Thanks for the specifics! Would you suggest any optimizations?
1

The problem is here:

byte[] tempByte = new byte[byteLength];
while (this.getInputStream().available() != 0) {
    //...
}

tempByte is initialized once and filled several times. In the end, you alter and store the same object reference stored in tempByte into incomingMessage, thus you see the same array several times in the List.

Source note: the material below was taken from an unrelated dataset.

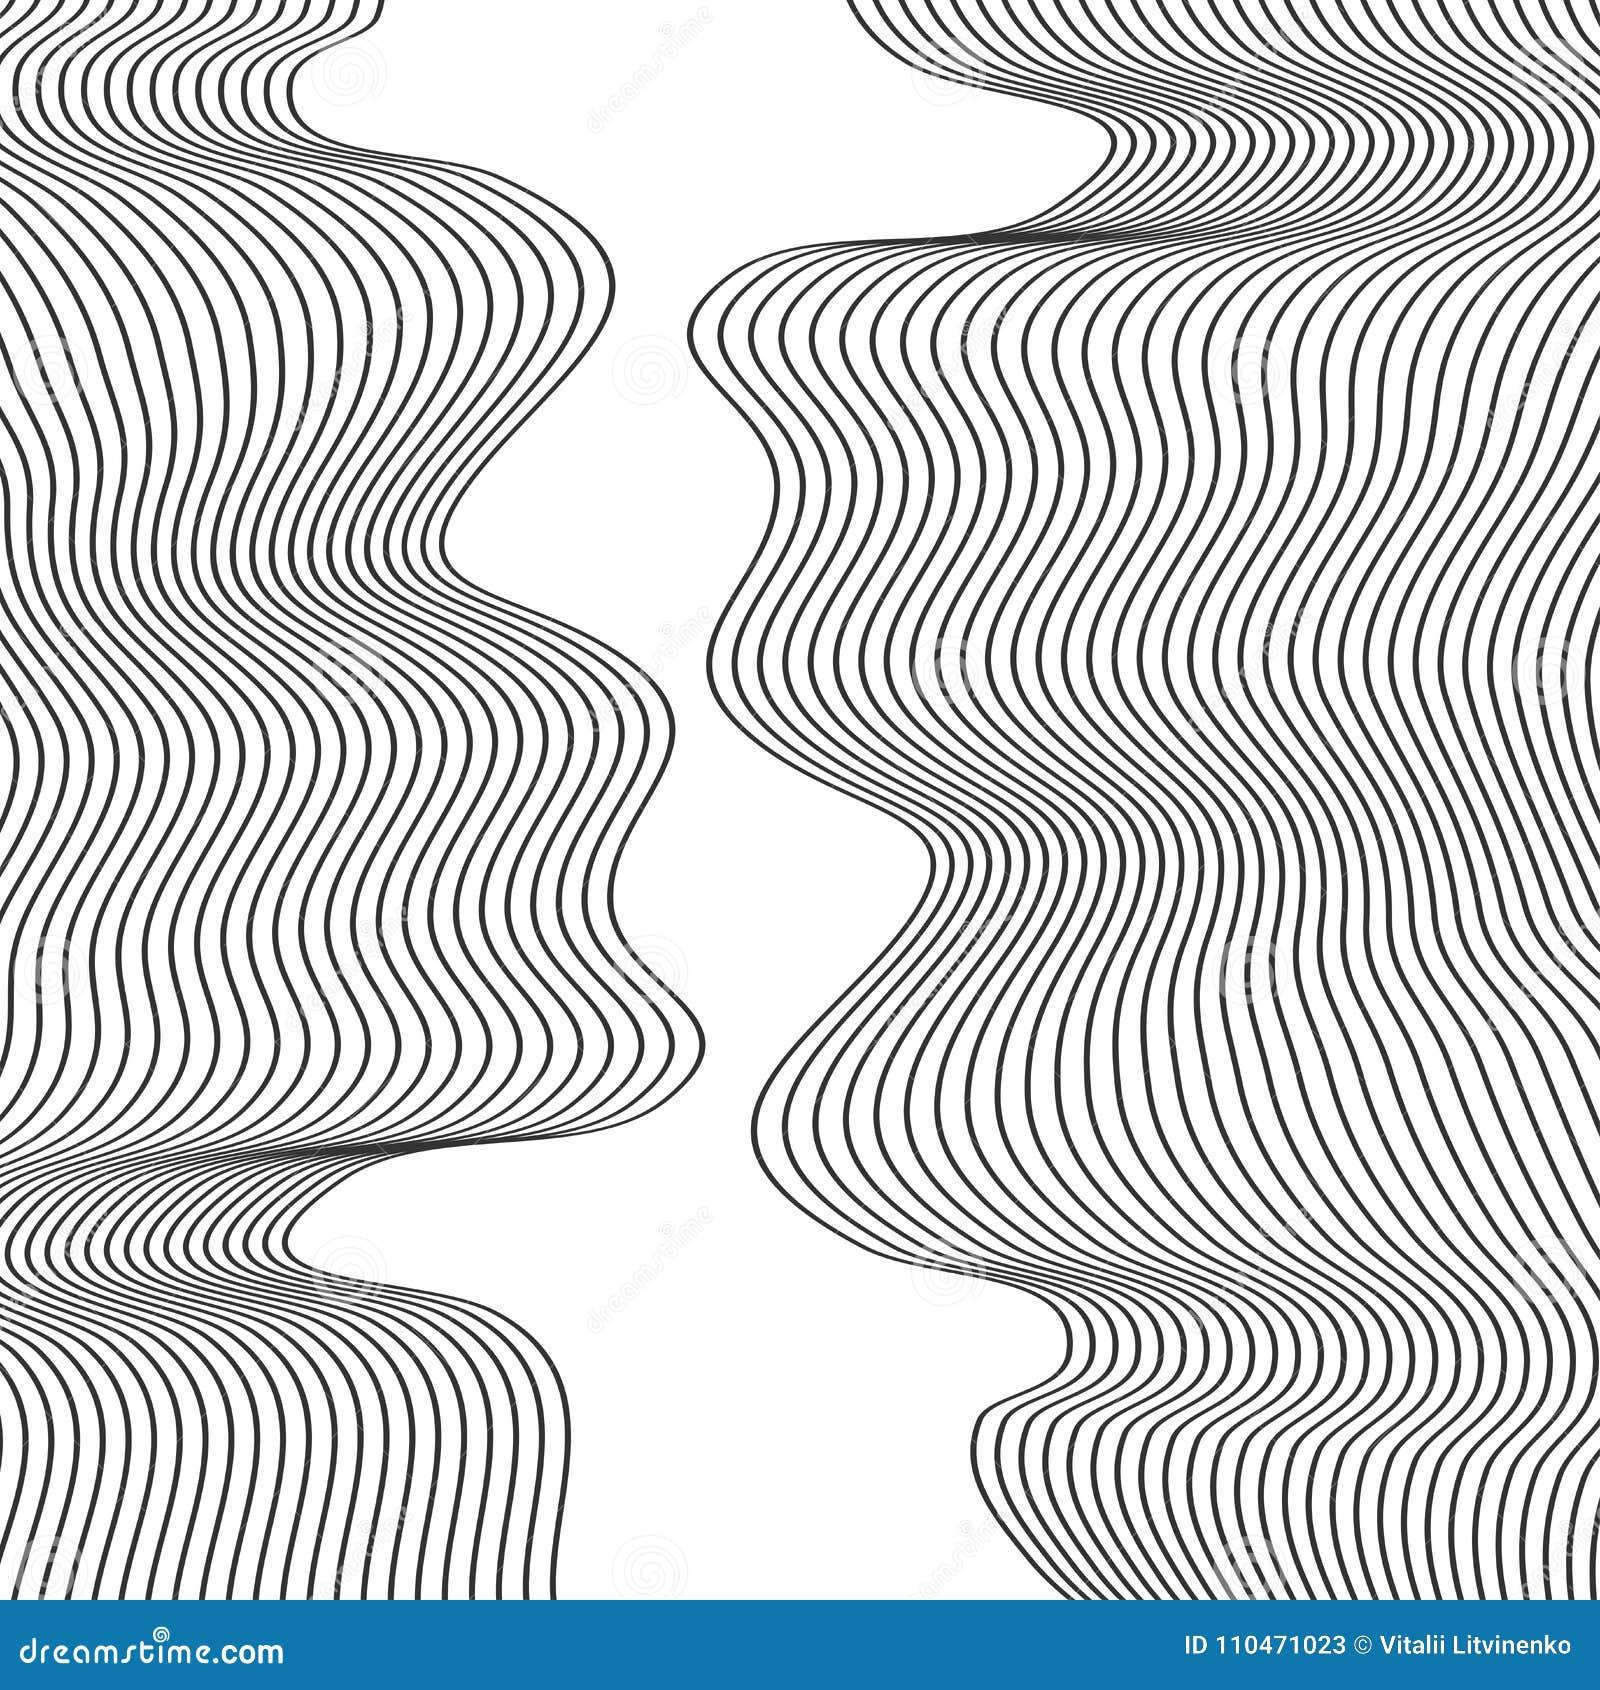 Abstract Design Line Art

There are two possible solutions for this:

  1. Initialize the variables in the narrowest possible scope. In this case, tempByte scope should be inside the while loop:

    while (this.getInputStream().available() != 0) {
        //declare the variable here
        byte[] tempByte = new byte[byteLength];
        //...
    }
    
  2. Reinitialize the array on each iteration of the while loop:

    byte[] tempByte = new byte[byteLength];
    while (this.getInputStream().available() != 0) {
        //...
        //reinitialize the variable
        tempByte = new byte[byteLength];
    }
    

IMO you should choose 1 over 2 to ease readability of the code.

Comments

1

You are adding the same object (tempByte array) multiple times to the incomingMesage list. And in each iteration you overrite the content of this array.

If you want to store your data like that, you need to copy the tempByte to new Array which will you insert inot your list.